Между тем, взгляд Дениса продолжал непроизвольно бегать по окружающим предметам, что-то всё-время рассматривая. Их железные кровати были точно больничными, и это немного успокаивало. Денис очень хорошо запомнил такие кровати, после того, как в детстве ему вырезали апендицит, и как именно к такой кровати приходила его мама и приносила ему в больницу свежие фрукты. С той поры он просто ненавидил больницы да и вообще врачей. И то бельё, на котором сейчас ему приходилось лежать было именно больничным, - он определил это по запаху. Как ни странно, но он нигде не видел по близости ни одной тумбочки, где могли бы храниться их личные вещи. "Наверное, это реанимация" , -подумал он, рассматривая свою и Кириллову капельницы, которые были как обычно прикреплены к шестам у кровати. В дальнем углу комнаты виднелась какая-то деревянная дверь, возле которой стояло белое большое ведро. Возле стены стояла ещё одна кровать, но она была пуста. Над ней, чуть повыше что-то торчало из стены, но что именно, Денис рассмотреть не мог. Больше никаких предметов ни на белом кафеле пола ни на стенах он не увидел. Всё это казалось ему каким-то странным и необычным. И больница показалась ему странной, - не было ни медсестёр, ни врачей. А эта страшная серая решётка в стене напротив вообще сбивала с толку.
Очнулся Кирилл. Он повернул голову и увидел рядом лежащего Дениса. Их взгляды встретились.
- Где я? - шопотом спросил Кирилл, - Что случилось?
Мысль о том, что его друг пришёл в себя несколько оживила Дениса и прибавила сил.
- Мы в больнице, Кир. Что-то случилось. А что, я и сам разобрать не могу... Здесь всё-время тишина, как будто здесь никого нет.
Кирилл попытался приподняться, но у него ничего не получилось.
- Голова как ватная, ни черта ничего не помню. Давно мы здесь?
- Не знаю. Должно быть около суток, наверное.
Так они пролежали минут двадцать, пытаясь вспомнить и понять, что всё-таки с ними произошло. Они вспомнили свой вечер в ночном клубе, смогли вспомнить последние звонки Фрица, вспомнили даже, зачем они хотели встречаться, - но дальше в памяти наступал глубокий провал.
- А где Фриц? - спросил Кирилл, - Ты не знаешь где Фриц, он не звонил тебе?
- Да я говорю же, что ничего не знаю.
- О боже, что же теперь делать, - ведь у нас значит всё сорвалось... Нужно срочно выбираться отсюда... Ведь я половину денег уже взял...
Кирилл стал беспокойно ворочать головой в разные стороны. Вдруг его взгляд остановился на противоположной стене, где стояла ещё одна кровать.
- Что это? - Кирилл вдруг побелел и чуть приподняв руку указал ею на стену.

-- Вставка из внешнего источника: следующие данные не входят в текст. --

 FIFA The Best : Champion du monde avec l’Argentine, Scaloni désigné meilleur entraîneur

Денис присмотрелся повнимательней к тому предмету, который висел там на стене. И только сейчас он смог понять, что то , что он раньше не смог разглядеть было ни чем иным, как куском кожи, прибитой к стене здоровым серым гвоздём , на котором была сделана татуировка фашистской свастики! Точь-в-точь как наколка на затылке у Паши-Фрица!

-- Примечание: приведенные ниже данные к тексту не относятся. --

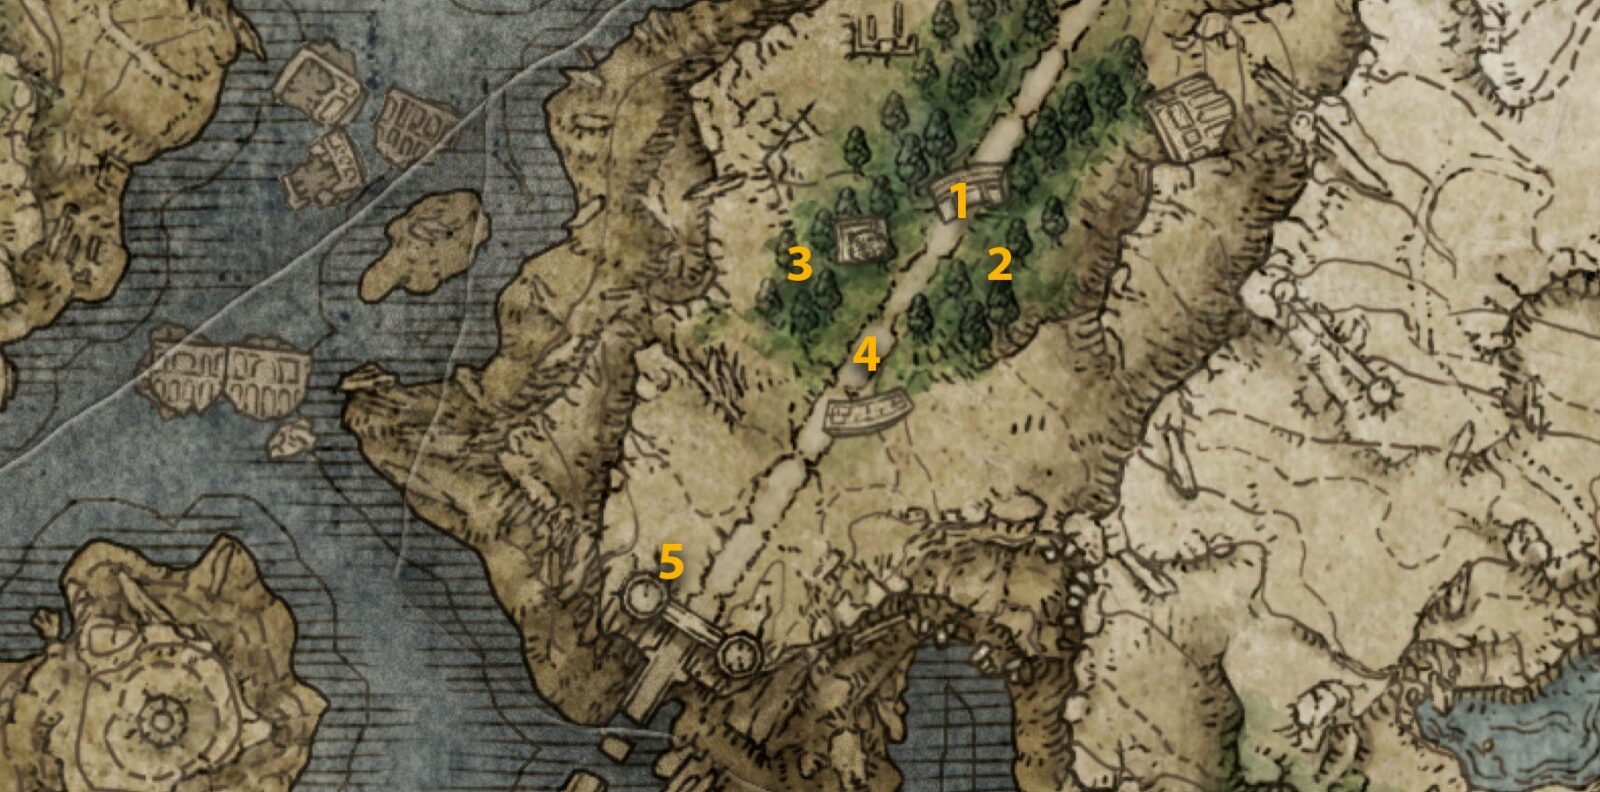 Cuckoo Knight map locations in Elden Ring

- Что это такое? - заголосил Кирилл, - Я спрашиваю, что это такое? Где Фриц на самом деле?
- Я не знаю, это просто какое-то совпадение!
- Какое к чёрту совпадение! Как это могло здесь оказаться? Кто это сюда мог принести? - Кирилл стал нервно ворочаться в постели, его взгляд упал на решётку в соседней стене, - Что это за решётка?
- Я сам не знаю, Кир...
- Зачем она здесь, кто позволил? Что здесь вообще творится...

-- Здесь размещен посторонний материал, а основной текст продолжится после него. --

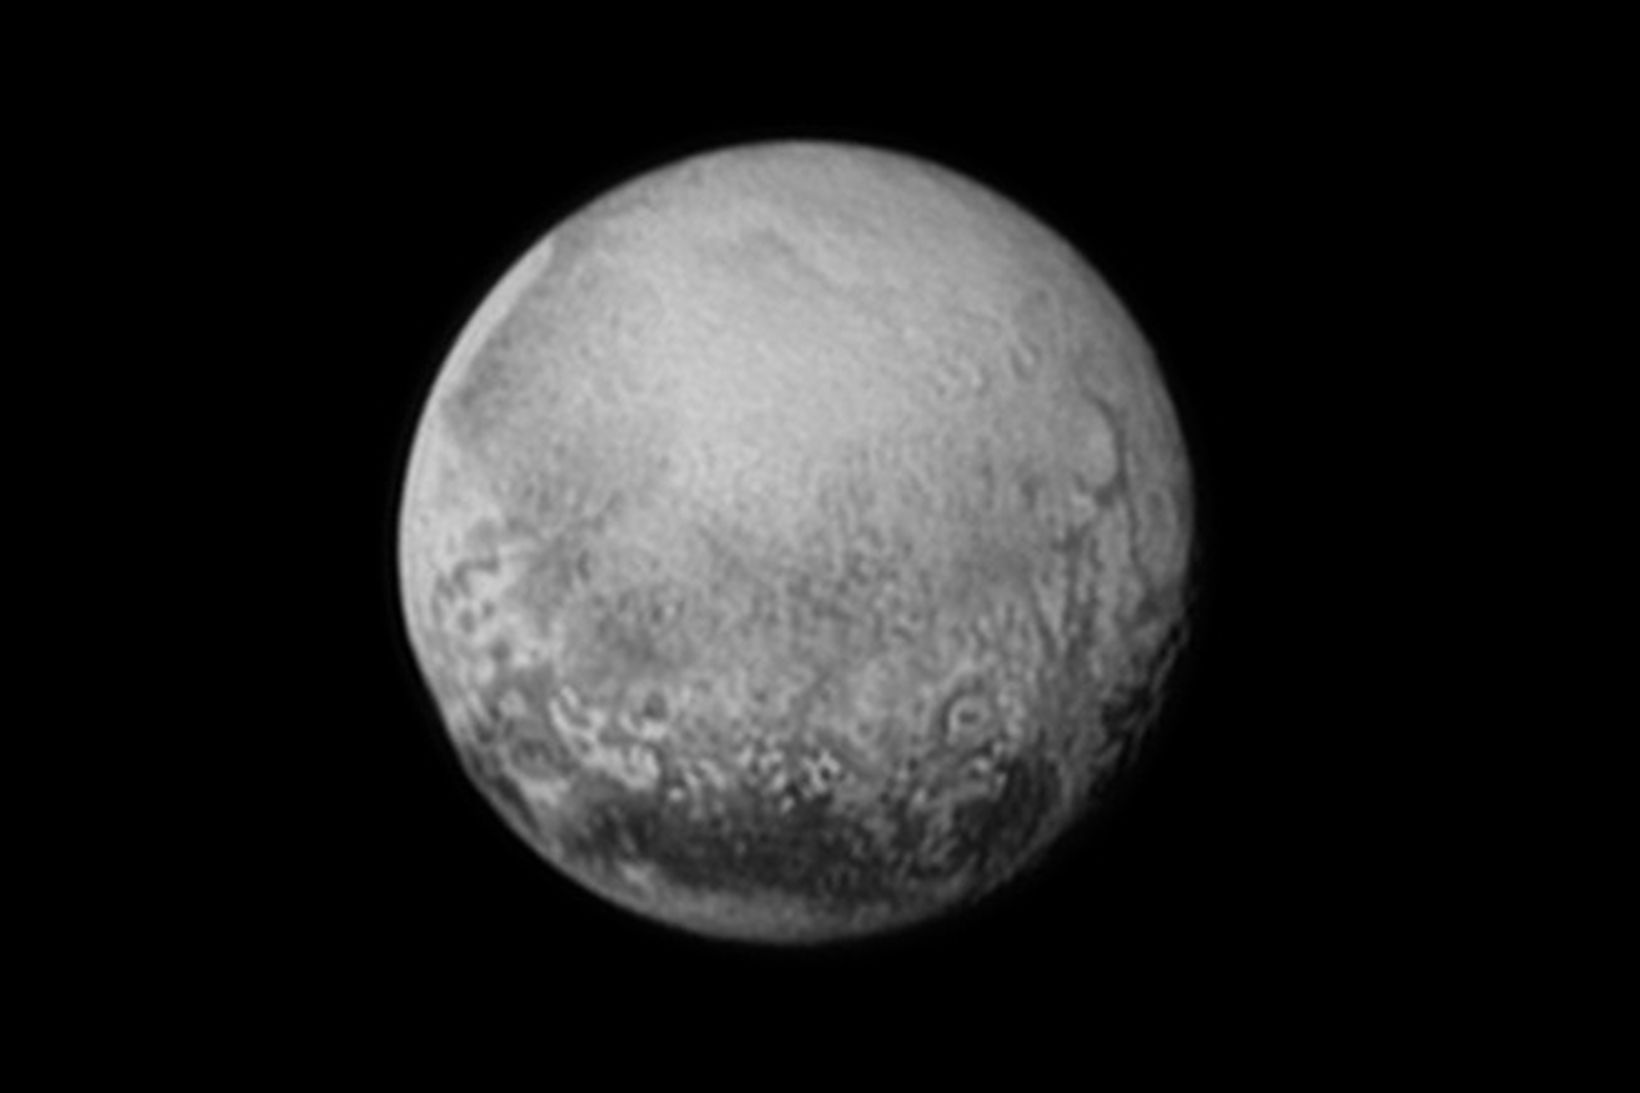 Mynd sem New Horizons tók af Plútó laugardaginn 11. júlí.

И тут наступила секундная пауза, которая кажется могла бы перевернуть саму вечность, пауза, которая казалось была словно граница между светом и тьмой , пауза, после которой раздался ужасный и отчаянный вопль Кирилла:
- Моя нога!!! Куда делась моя нога!?
Что-то невообразимо ужасное произошло в этот момент в голове Дениса, словно все его мысли и все его чувства сорвались в бездну, в которой слышно было лишь учащённый стук вырывающегося из груди сердца! Всех сил, которые ещё в нём оставались, хватало лишь на то, чтобы огромными кусками заглатывать в себя сухой воздух, чувствуя себя задыхающейся рыбой, которую огромной волной выкинуло далеко на берег. Денис понял, что тоже обезножен!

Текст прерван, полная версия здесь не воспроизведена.